The Buzz This Week 

The cost of employer-sponsored health insurance is on the rise, with premiums up 6% over last year, according to a new report. The average annual family premium is $26,993, and workers pay $6,850 on average (approximately 25% of the total). Individual annual coverage averages $9,325, with workers paying $1,440 on average (approximately 16% of total). It is the third straight year of increases at or above 6%, and family premiums have grown about 25% over 5 years.

Nearly one-third of covered workers are in high-deductible plans (up six points from last year). The average deductible for individual coverage is now $1,886 (up 17% since 2020). Deductibles are significantly higher at smaller employers.  

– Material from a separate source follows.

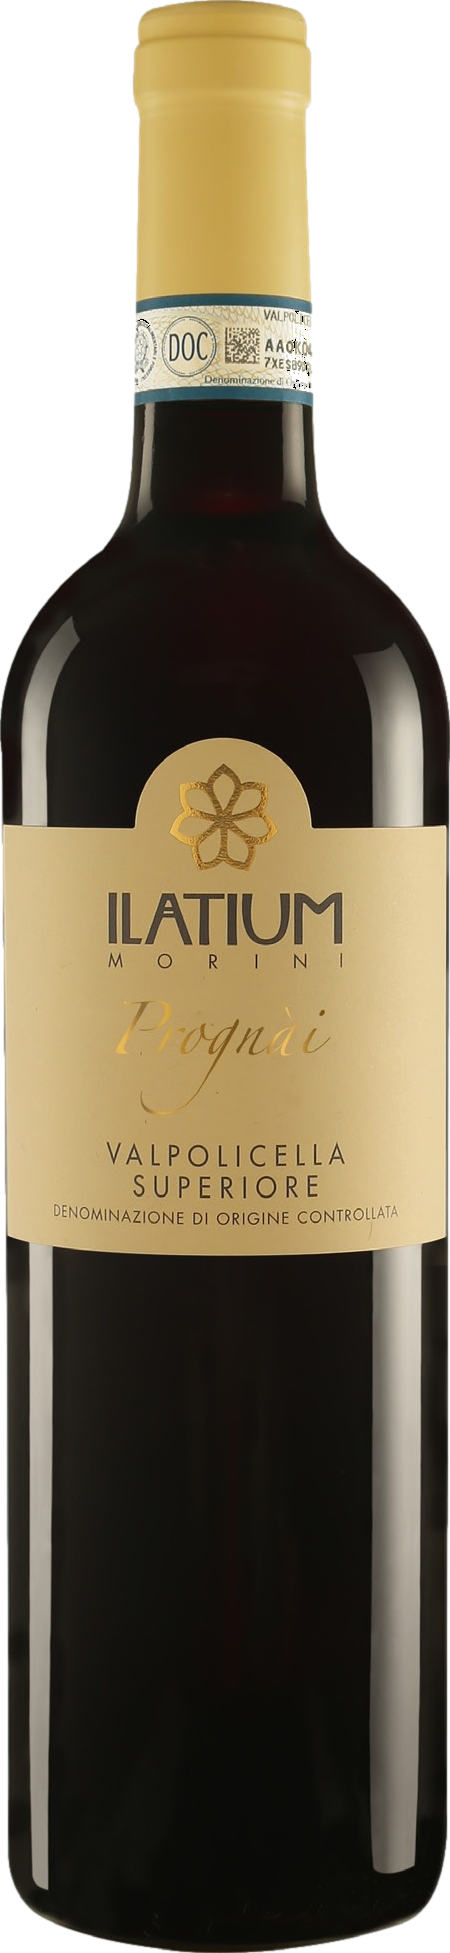 Ilatium Morini Campo Prognai Valpolicella Superiore 2017 Červené 13.0% 0.75 l

Large employers cite prescription drug prices, adoption of new therapies, chronic disease prevalence, higher utilization, and hospital prices as key contributors to recent premium growth. In response, many have shifted toward consumer-driven health plans that increase cost sharing.

Within the Affordable Care Act (ACA) marketplace, uncertainty persists as the enhanced premium tax credits are set to expire at year’s end unless extended. The expiration would raise net premiums for subsidized enrollees, shrink risk pools, and increase churn in 2026. Finalized rates indicate about a 30% average premium increase for 2026 in federally run marketplaces. Enrollees who receive subsidies would face an even larger increase of more than 100% if the enhanced premium tax credits expire as scheduled.

Together, higher employer premiums, larger deductibles, and rising marketplace rates point to a tighter affordability environment in 2026, shaping how people enroll and where they seek care. 

Why It Matters

Costs drive how consumers seek care. Recent national polling indicates that about 72.2 million adults did not seek needed care in the prior 3 months because of cost. A 2025 study in JAMA found that adults enrolled in high-deductible plans were less likely to receive guideline-recommended care across visits, labs, and medications than those in non-high-deductible plans. The high investments in premiums alone may cause many households to forgo or delay routine and preventive care.  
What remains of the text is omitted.